■ TASK STATEMENT ■
Leave the pictures out and write out the rest of the listing word for word.

■ INPUT DATA ■
+-------+

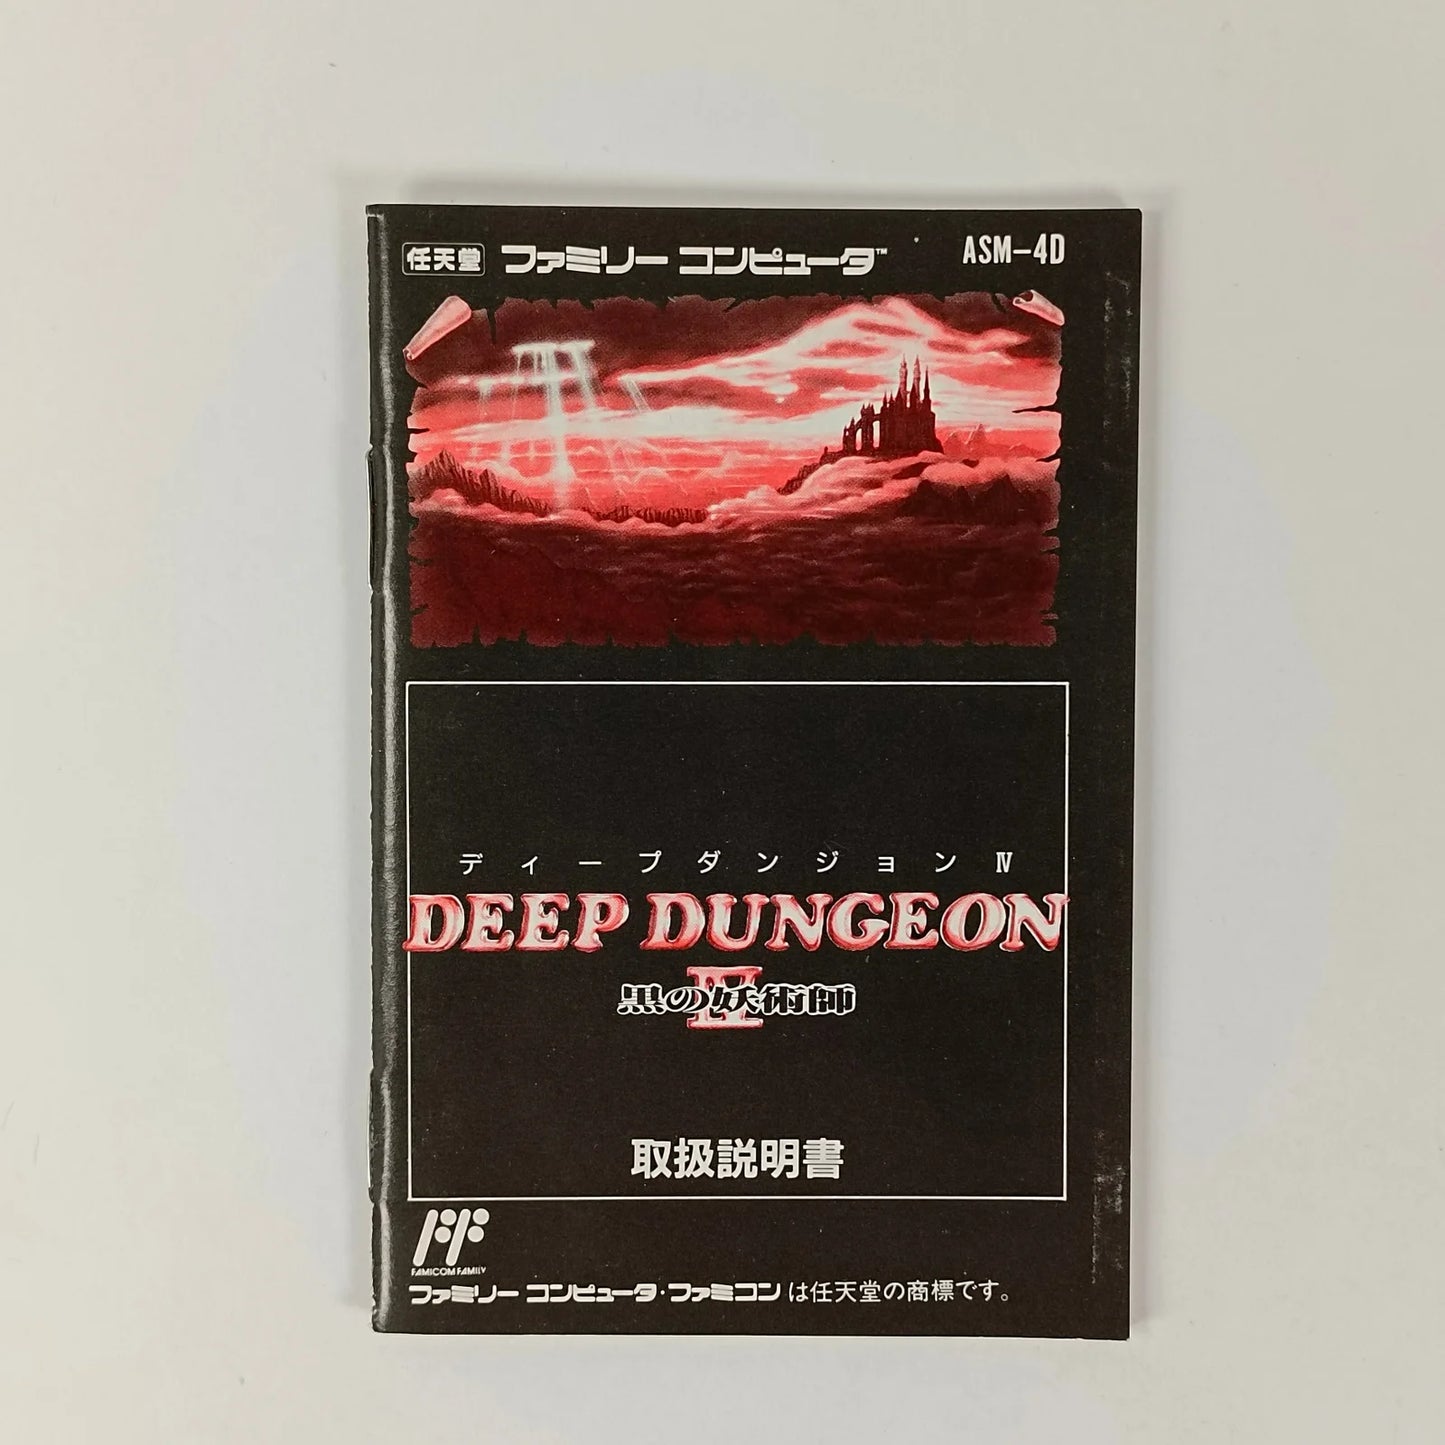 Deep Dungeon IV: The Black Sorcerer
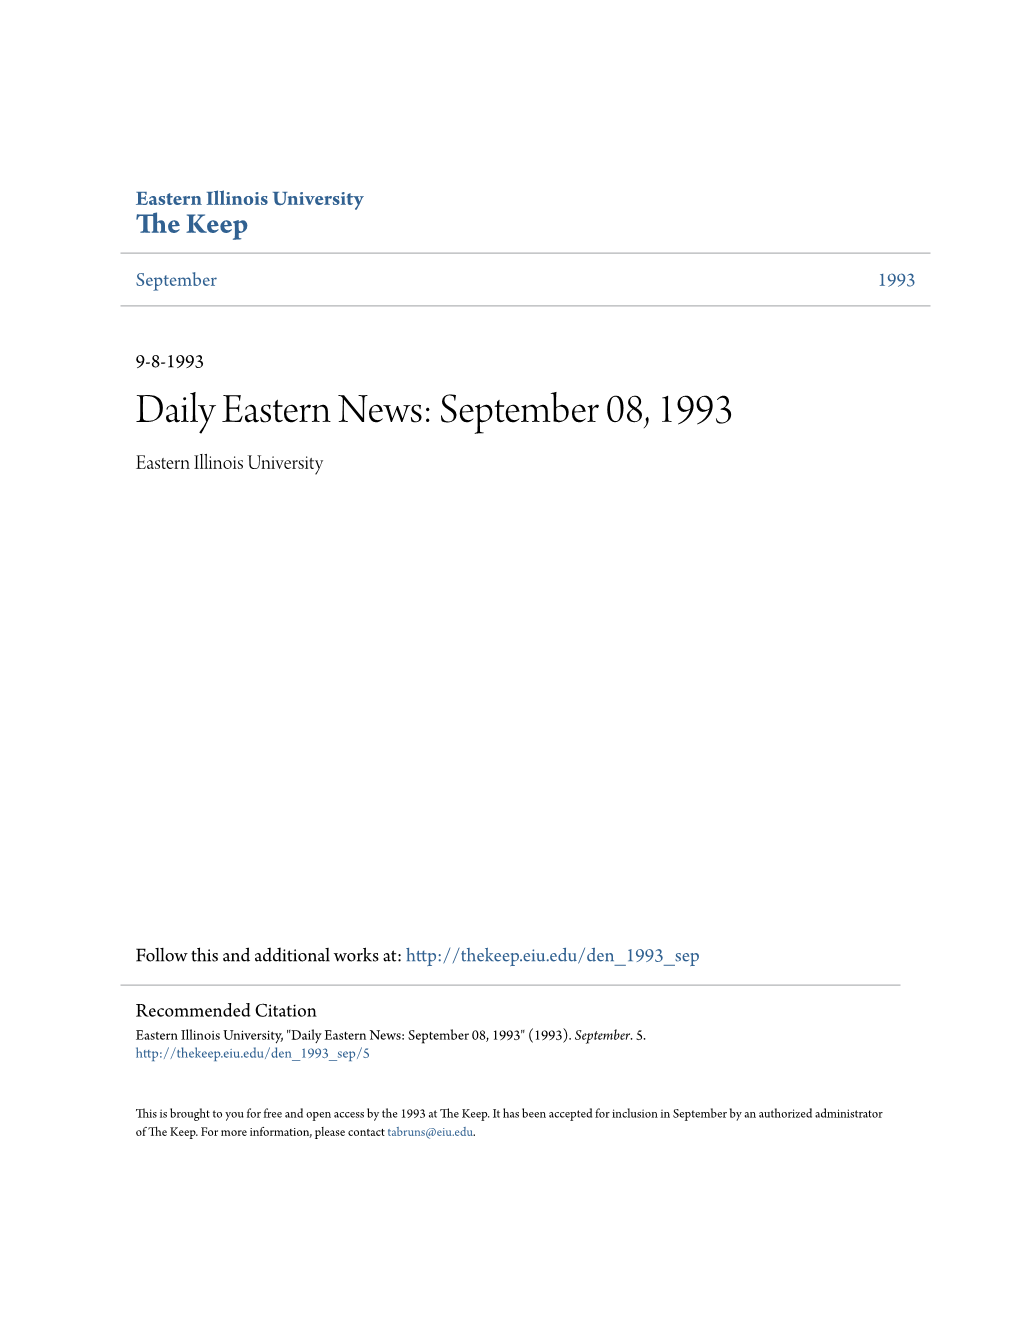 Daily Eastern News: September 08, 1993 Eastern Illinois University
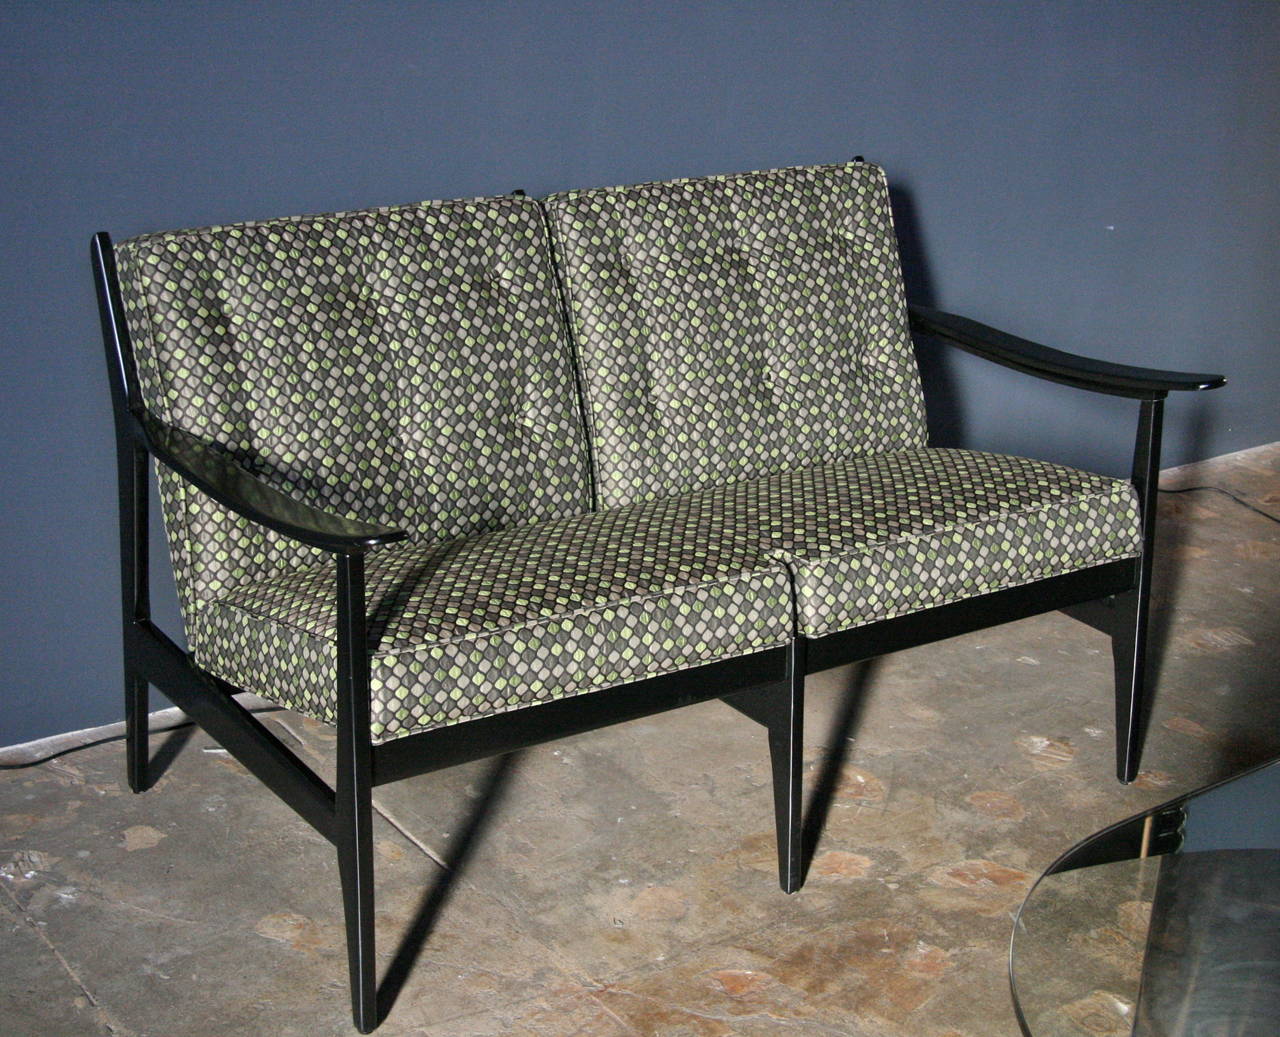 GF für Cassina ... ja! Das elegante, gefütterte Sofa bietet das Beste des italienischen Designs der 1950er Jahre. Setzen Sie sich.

+-------+

■ EXERCISE SOLUTION ■
 Deep Dungeon IV: The Black Sorcerer
 Daily Eastern News: September 08, 1993 Eastern Illinois University
 GF für Cassina ... ja! Das elegante, gefütterte Sofa bietet das Beste des italienischen Designs der 1950er Jahre. Setzen Sie sich.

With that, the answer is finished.